Depois que o corpo desocupou o quarto do asilo, onde aquela
mulher passou boa parte da sua vida, a responsável pela limpeza encontrou em
uma gaveta ao lado da cama, umas anotações. Um diário sobre a dor... Sobre a
dor que ela sentiu por ter sido abandonada pela família num lar para idosos...
Talvez o sofrimento fosse muito maior, mas as palavras só permitem extravasar
uma parte desse sentimento, gravado em algumas frases:
Onde andarão meus filhos? Aquelas crianças sorridentes que
embalei em meu colo, alimentei com meu leite, cuidei com tanto desvelo, onde
estarão? Estarão tão ocupadas? Talvez, que não possam me visitar, ao menos para
dizer olá, mamãe? Ah! Se eles soubessem como é triste sentir a dor do
abandono... A mais deprimente solidão... Se ao menos eu pudesse andar...
Mas dependo das mãos generosas dessas moças que me levam
todos os dias para tomar sol no jardim... Jardim que já conheço como a palma da
minha mão.
Os anos passam e meus filhos não entram por aquela porta, de
braços abertos, para me envolver com carinho...

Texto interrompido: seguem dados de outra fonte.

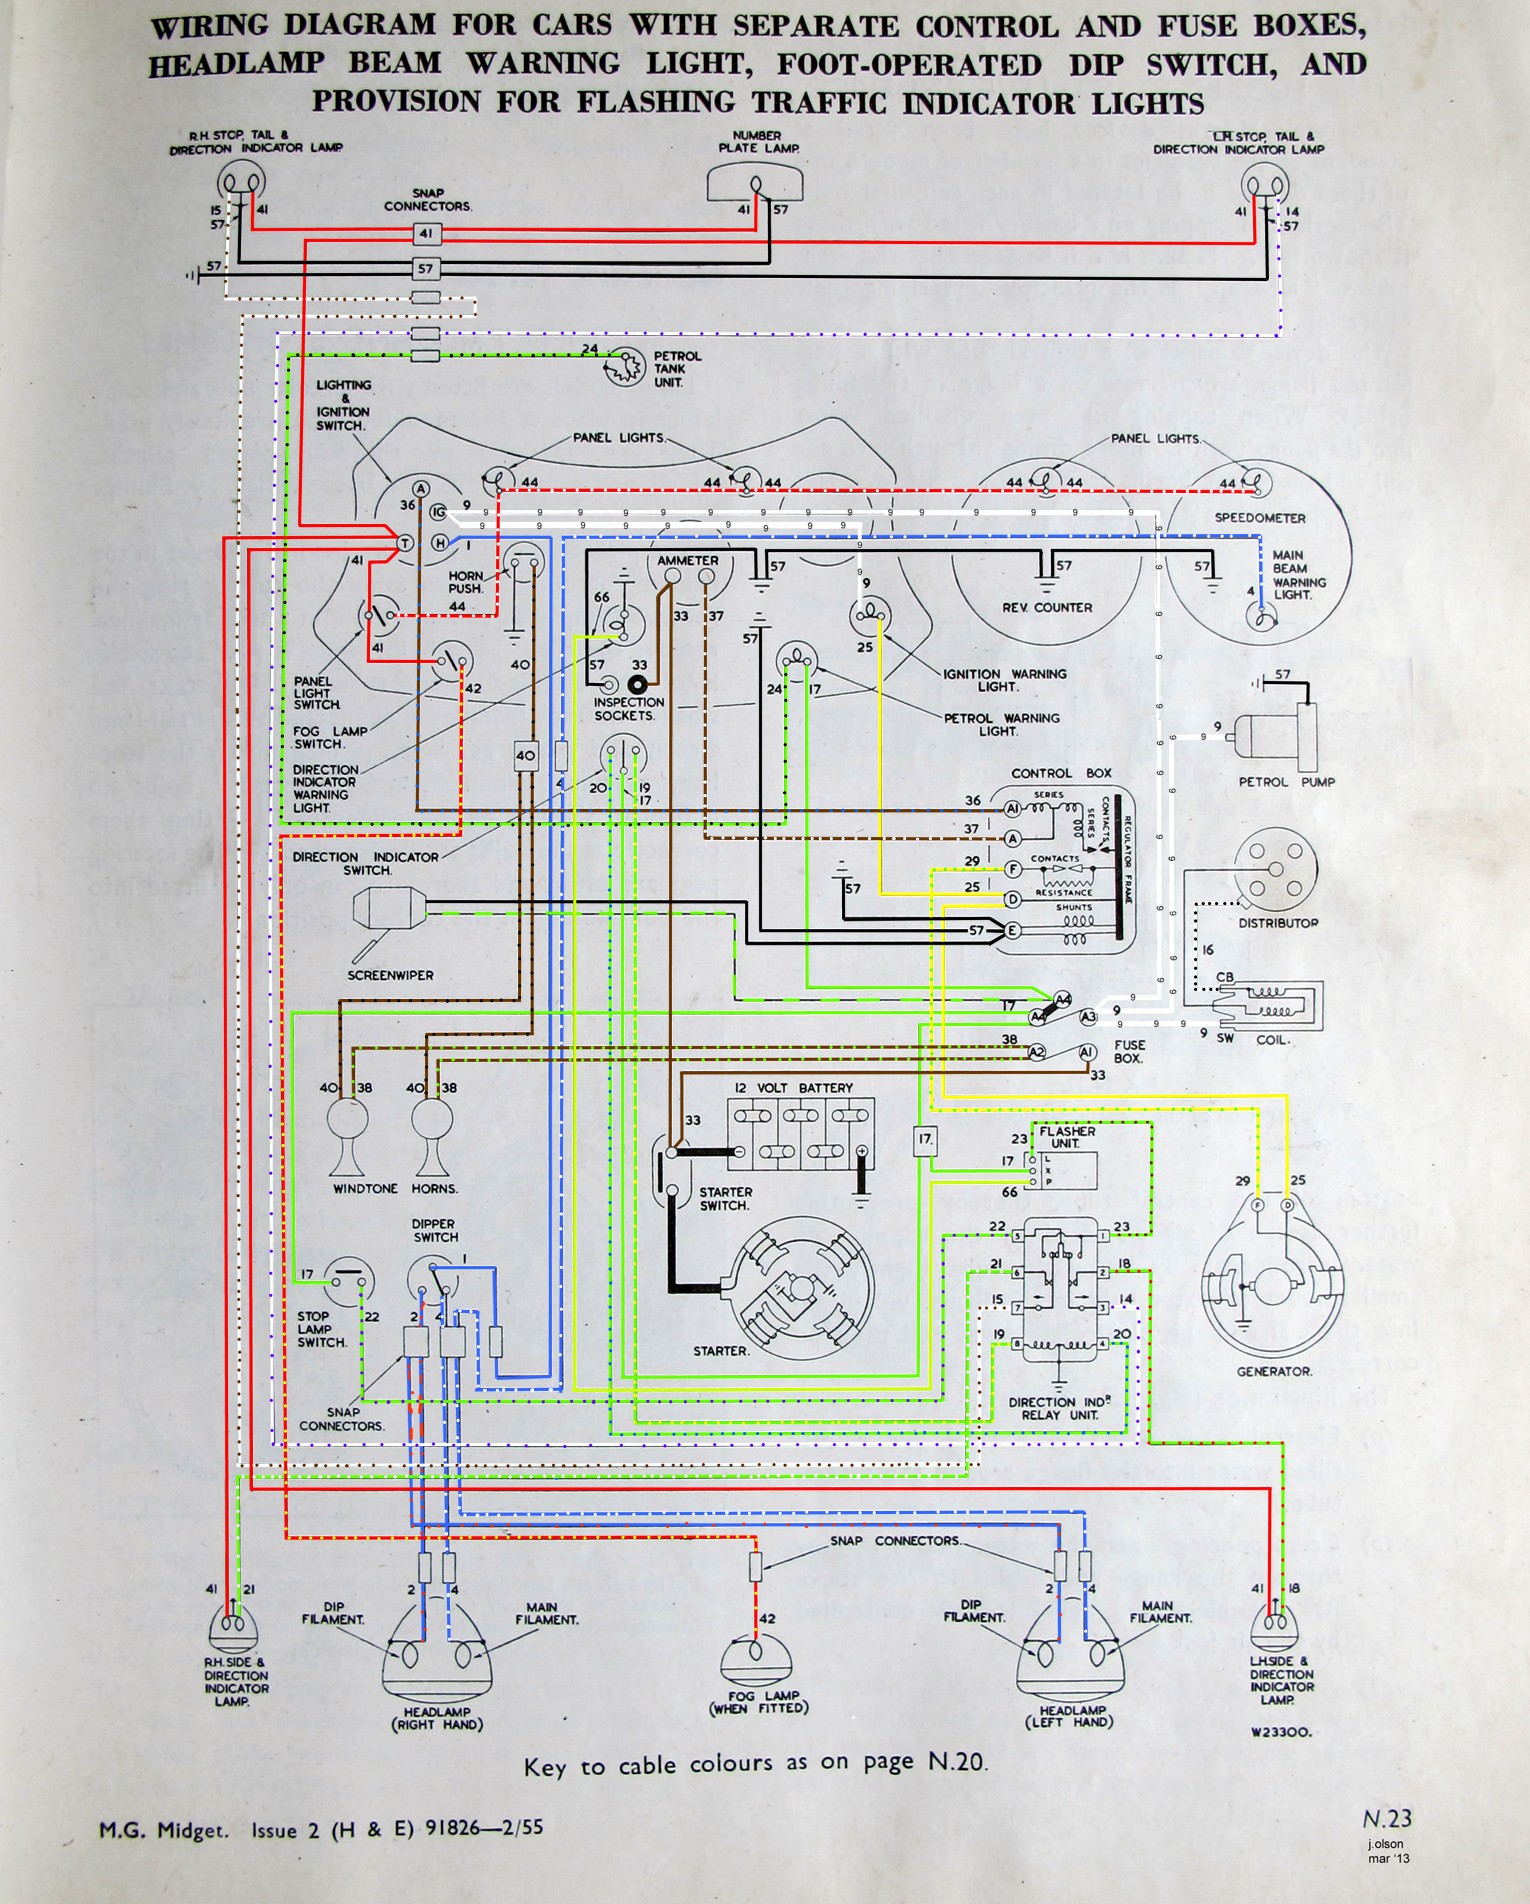 wiring diagram colour.jpg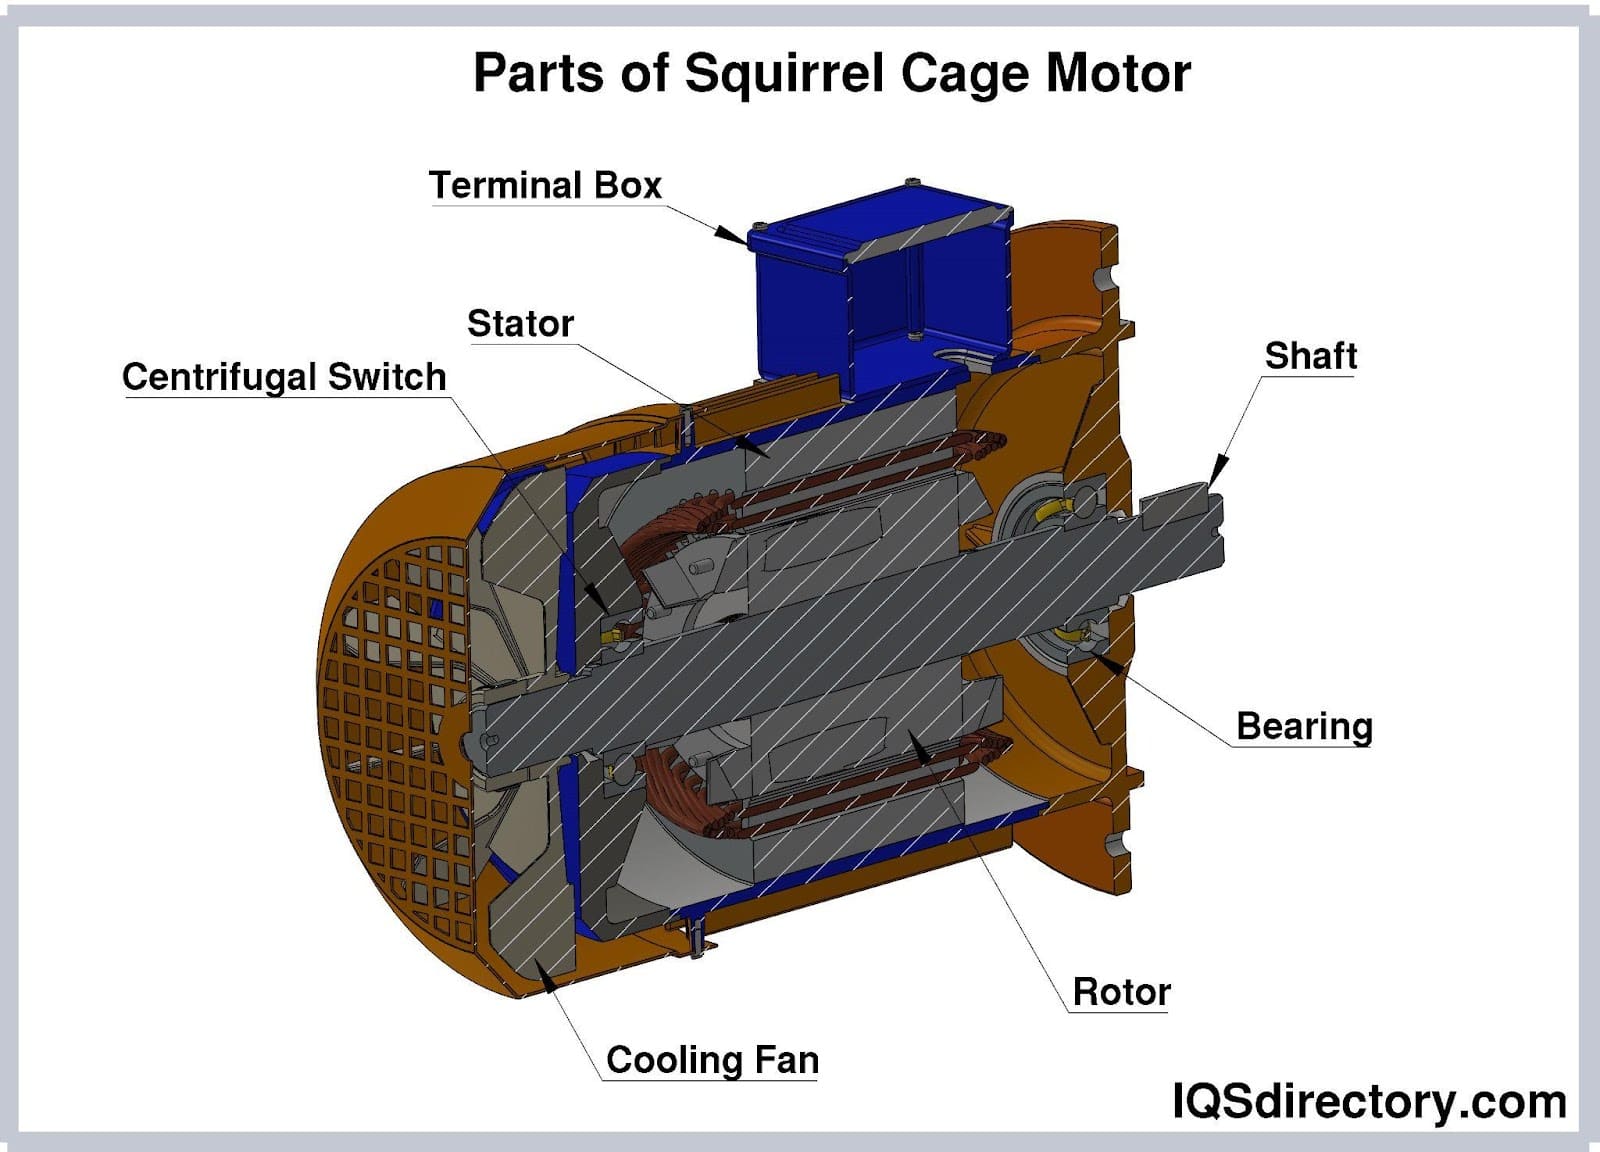 Parts of Squirrel Cage Motor

Os dias passam... E com eles a esperança se vai... No
começo, a esperança me alimentava, ou eu a alimentava, não sei... Mas, agora...
Como esquecer que fui esquecida? Como engolir esse nó que teima em ficar em
minha garganta, dia após dia?
Todas as lágrimas que chorei não foram suficientes para
desfazê-lo. Sinto que o crepúsculo desta existência se aproxima... Queria saber
dos meus filhos... Dos meus netos... Será que ao menos se lembram de mim? A
esperança, agora, parece estar atrelada aos minutos... Que a arrastam sem
misericórdia... Para longe de mim.
Às vezes, em sonhos, vejo um lindo jardim... É um jardim
diferente, que transcende os muros deste albergue e se abre em caminhos
floridos que levam a outra realidade, onde braços afetuosos me esperam com amor
e alegria... Mas, quando eu acordo, é a minha realidade que eu vejo... Que eu
vivo... Que eu sinto... Um dia alguém me disse que a vida não se acaba num
túmulo escuro e silencioso... Que a vida continua após a morte, de outra
forma... Mas com certeza a minha matéria, a minha mente, o meu eu dessa vida
que vivo agora, com o nome que tenho... Nunca mais existirá! E quando a morte
chegar, só restará a saudade que com o passar do tempo se ameniza... (se é que
alguém vai sentir saudade de mim, já que não sentem enquanto ainda estou viva
neste asilo)
Sinto que a minha hora está chegando. Depois que eu partir,
gostaria que alguém encontrasse essas minhas anotações e as divulgasse. E que
elas pudessem tocar os corações dos filhos que internam seus pais em asilos, e
jamais os visitam... Que eles possam saber um pouco sobre a dor de alguém que
sente o que é ser abandonado... Pensai que a cada pai e a cada mãe Deus
perguntará: "- O que fizestes do filho confiado a vossa guarda?" e
aos filhos: "- O que fizestes aos vossos pais?"